§ **Work required**: Repeat only the stretch of lines below that runs from the line with "adidas boost pink and black" through the line with "Picnic Table At", unaltered.
** Material for the task follows **
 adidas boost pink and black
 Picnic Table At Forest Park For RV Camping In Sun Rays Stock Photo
** End of Material for the task **
** Material for the task follows **
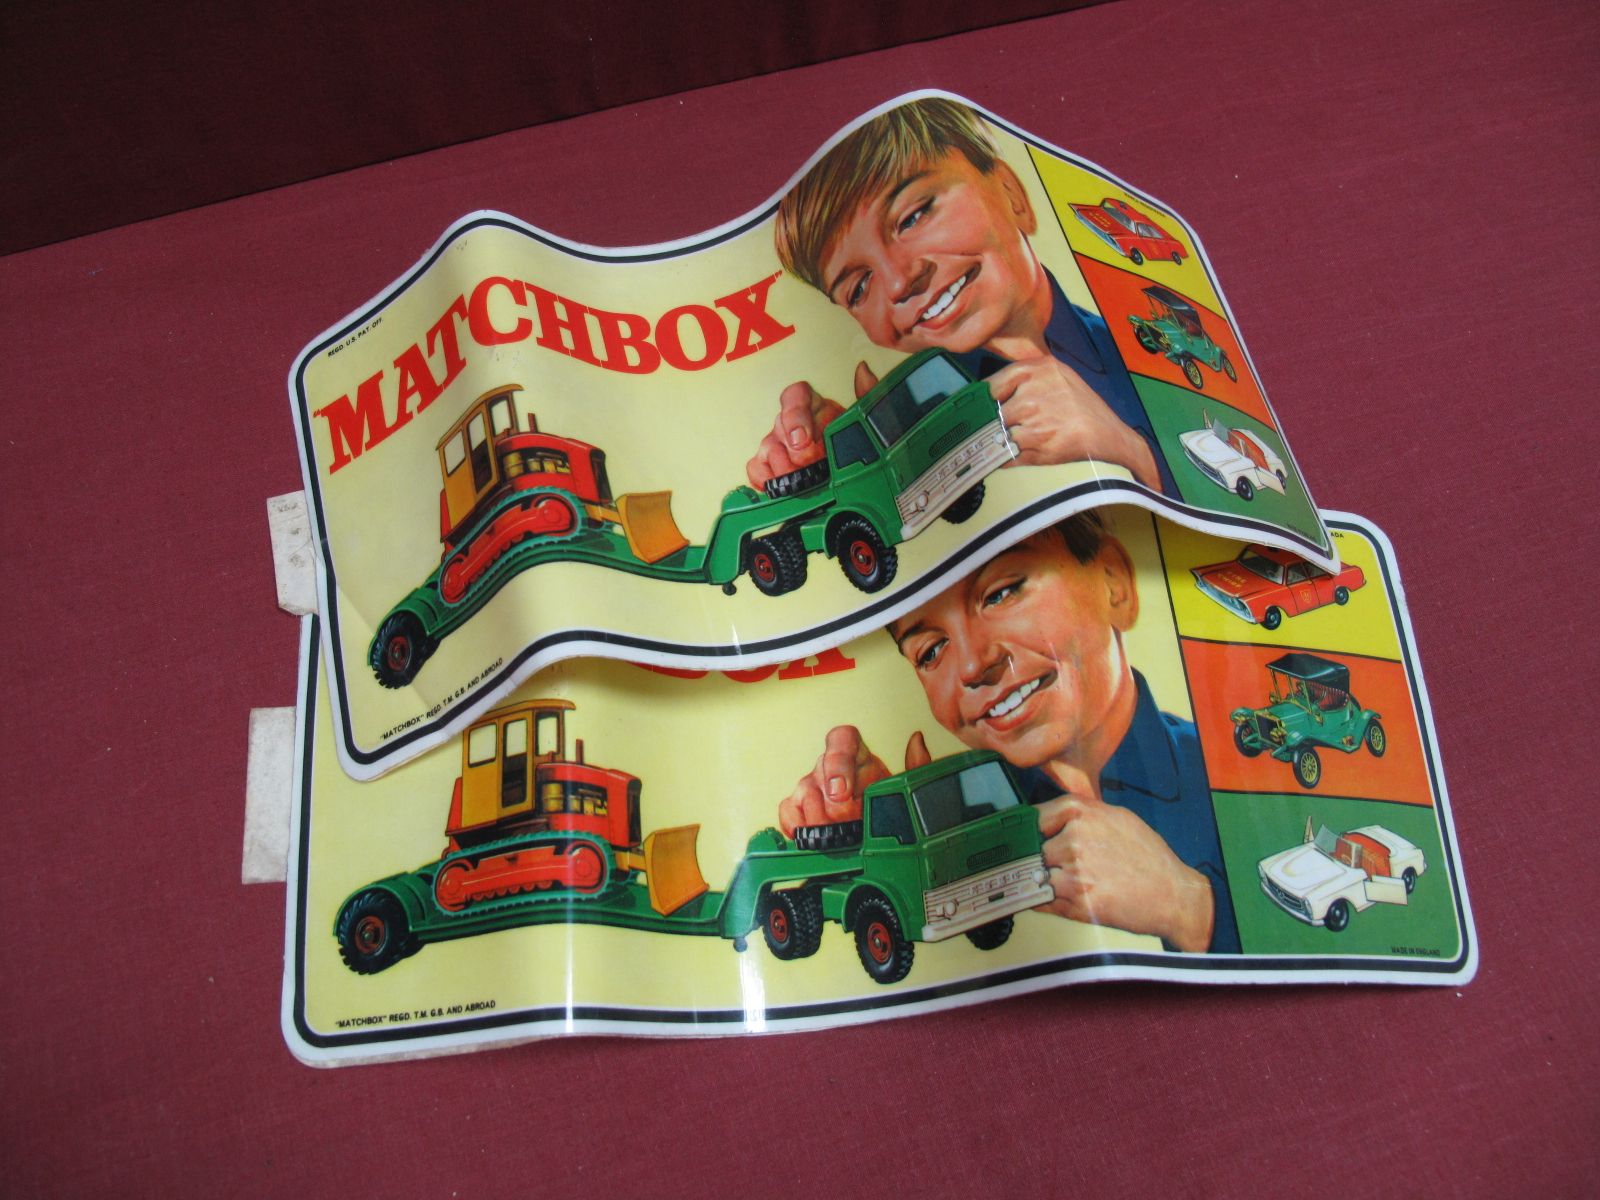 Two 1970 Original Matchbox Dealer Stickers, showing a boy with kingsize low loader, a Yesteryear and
** End of Material for the task **
§ **Result of the task**:
 adidas boost pink and black
 Picnic Table At Forest Park For RV Camping In Sun Rays Stock Photo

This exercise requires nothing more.